▶ Data block

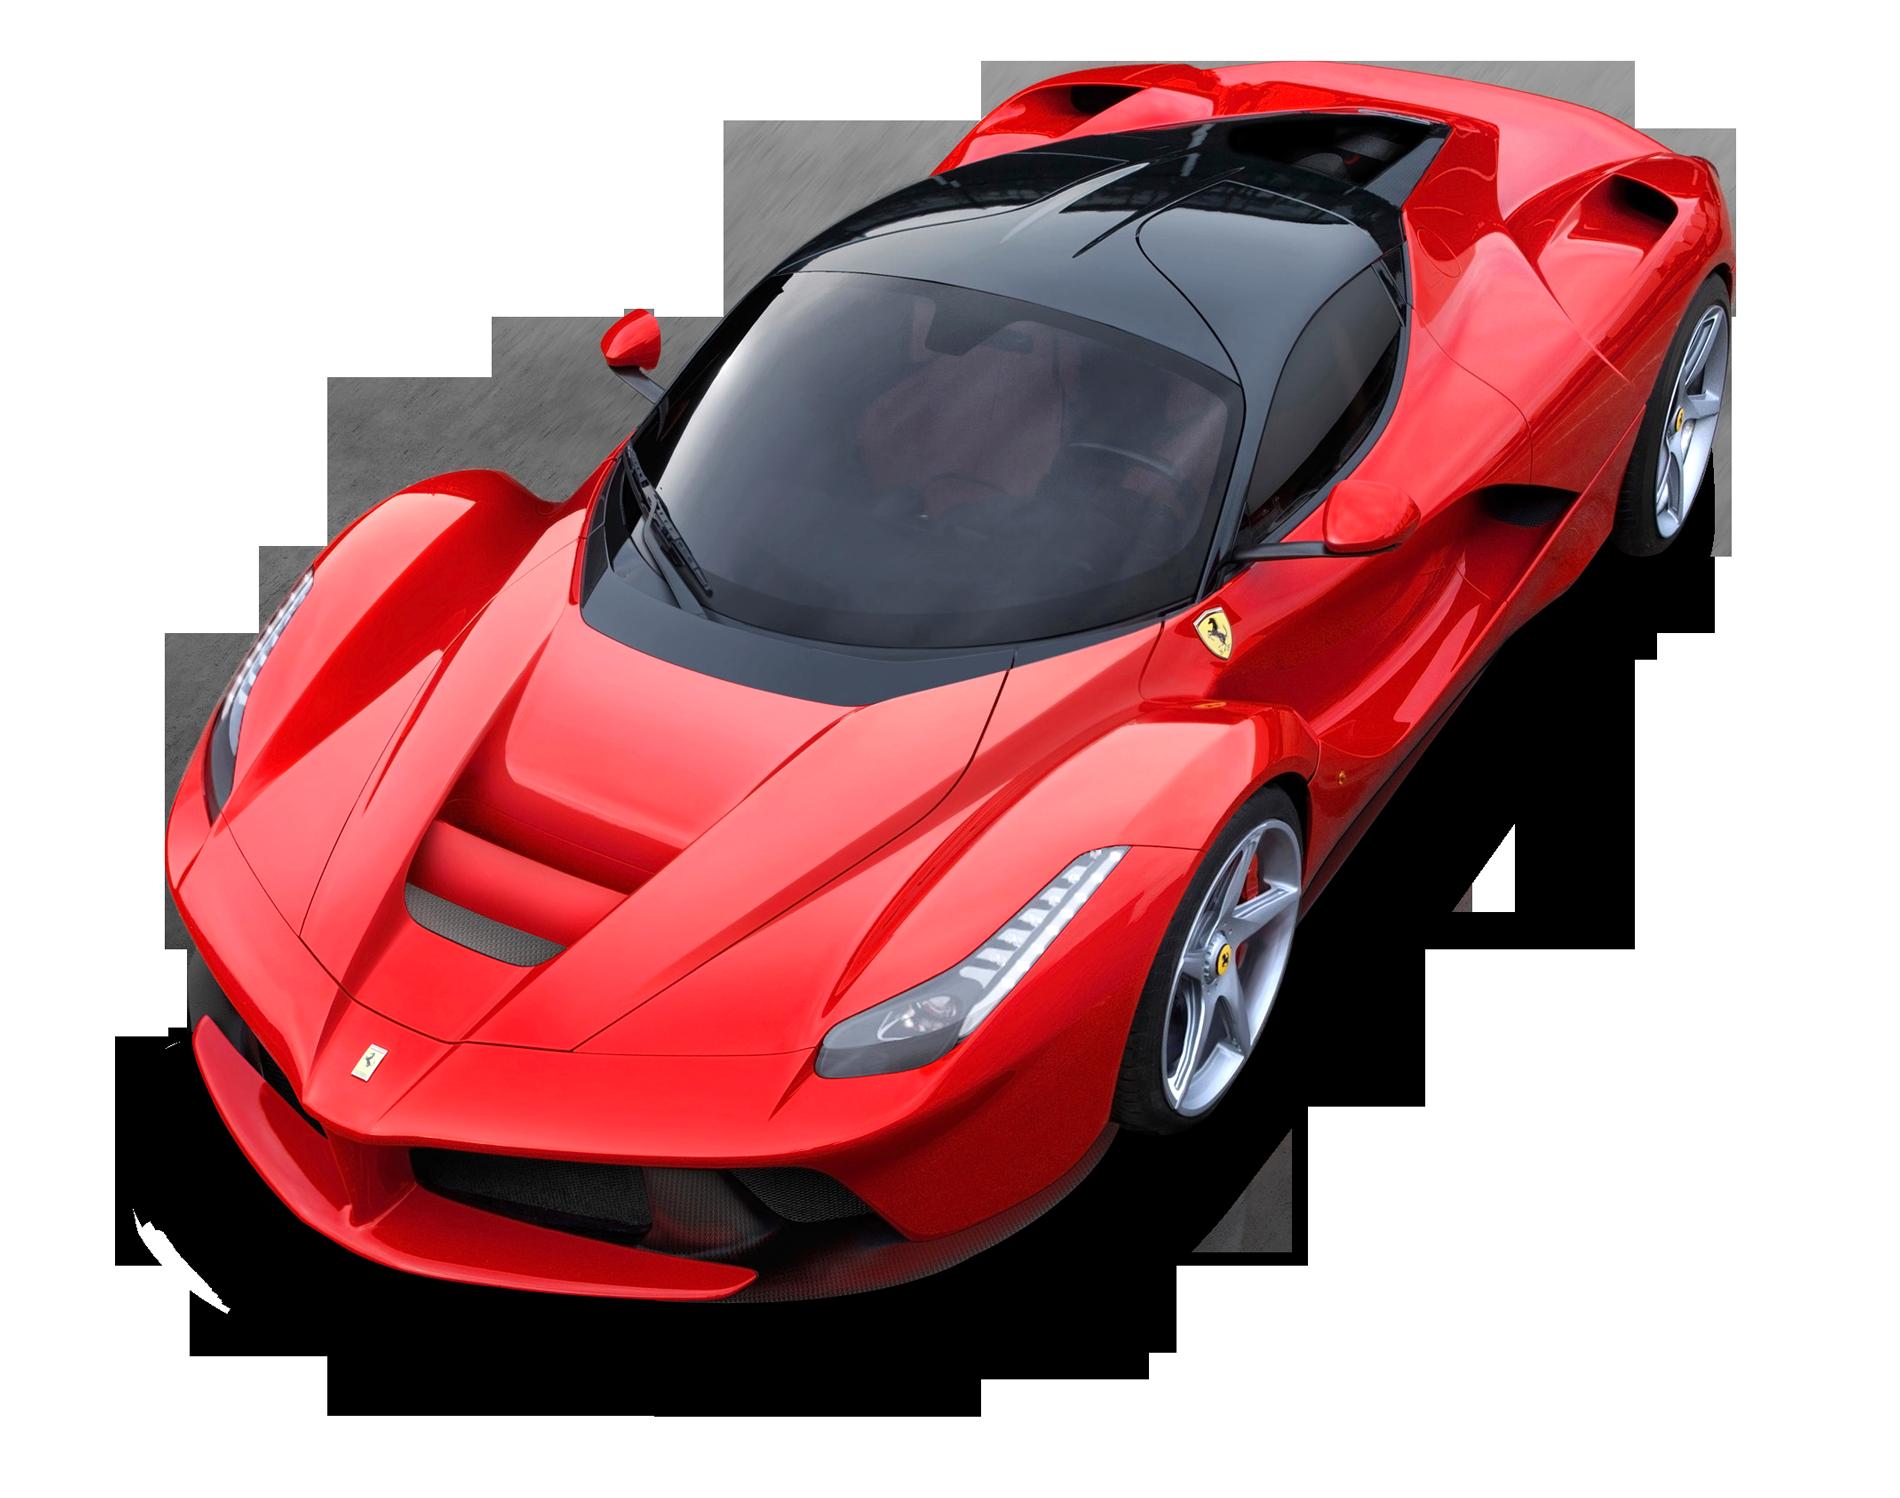 Top View of Ferrari LaFerrari Car
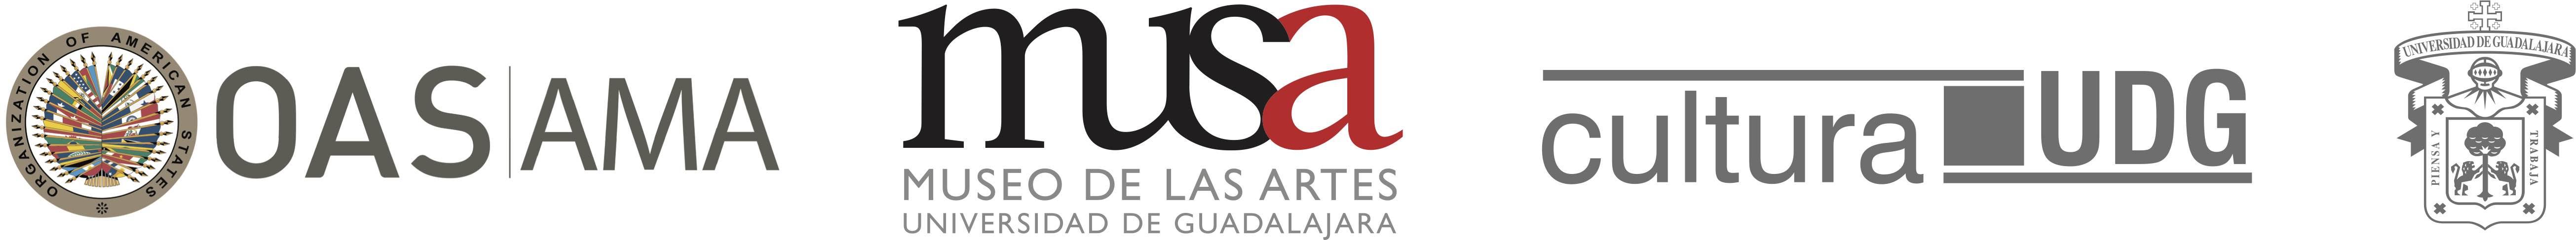 Sponsor Logos
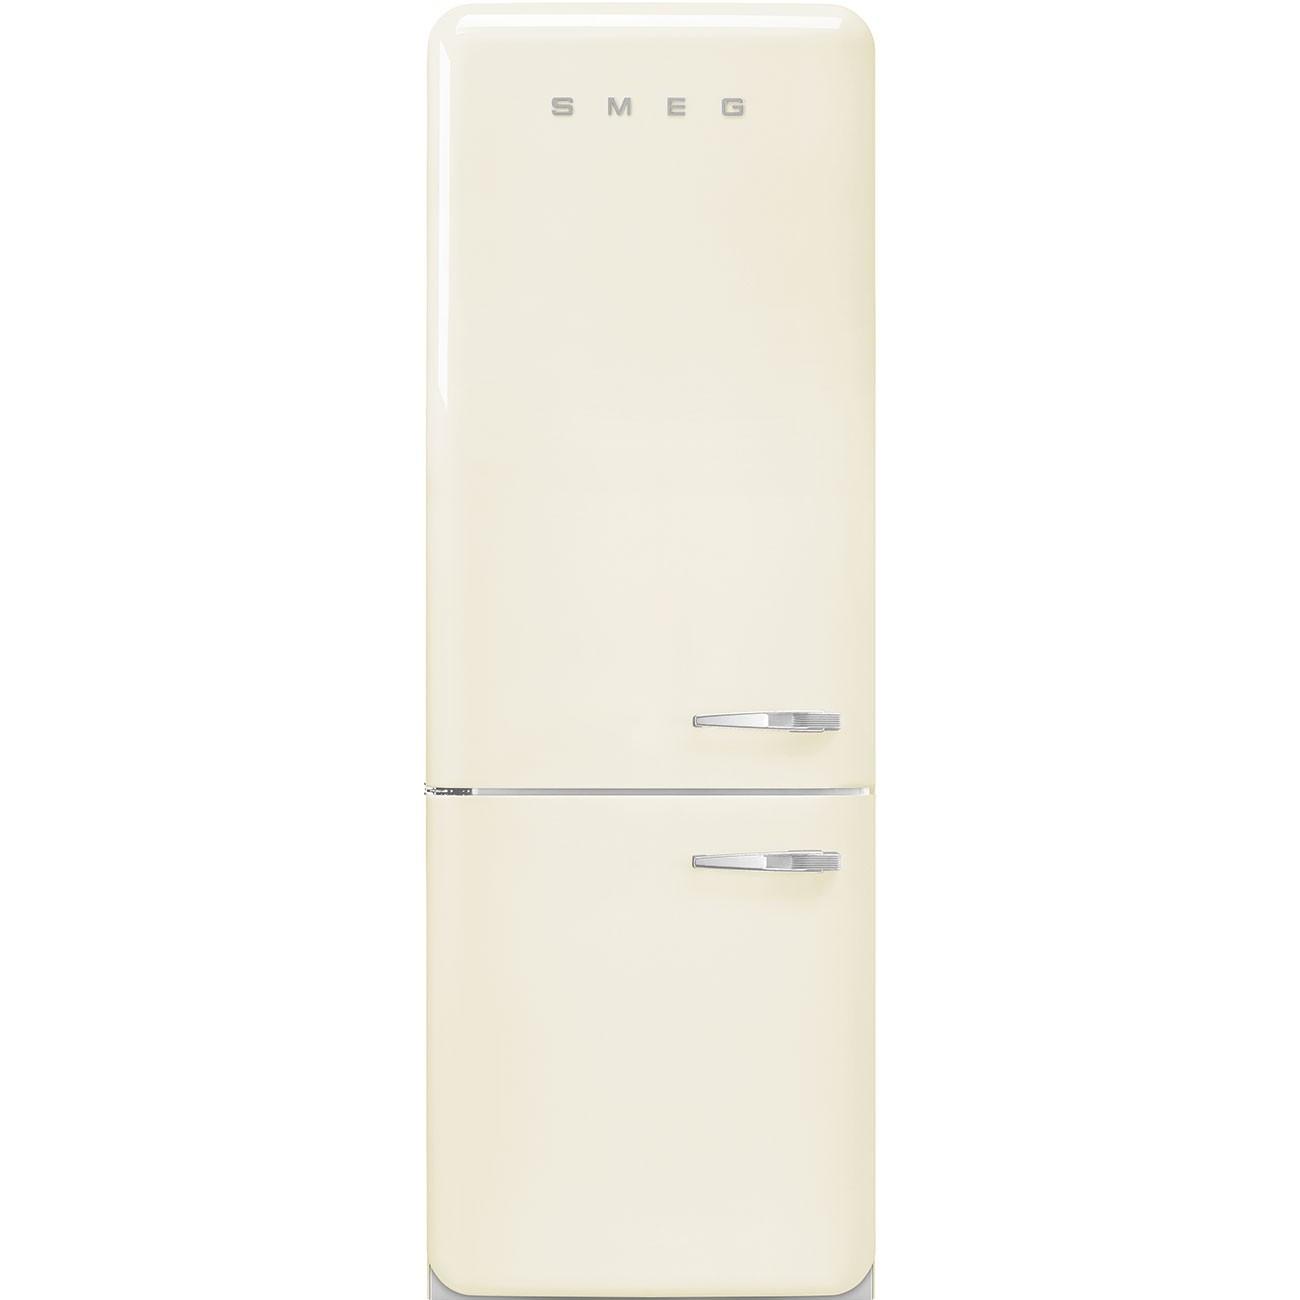 Anni 50 Frigorifero Smeg smeg fab38lcr - frigorifero combinato smeg anni '50, panna ,larghezza 70 cm  , 461 litri, cerniere a sinistra , a++ , total no frost

▶ What the task asks
A word-for-word repetition of the data above, without pictures, is the expected answer.

▶ Response to this task
 Top View of Ferrari LaFerrari Car
 Sponsor Logos
 Anni 50 Frigorifero Smeg smeg fab38lcr - frigorifero combinato smeg anni '50, panna ,larghezza 70 cm  , 461 litri, cerniere a sinistra , a++ , total no frost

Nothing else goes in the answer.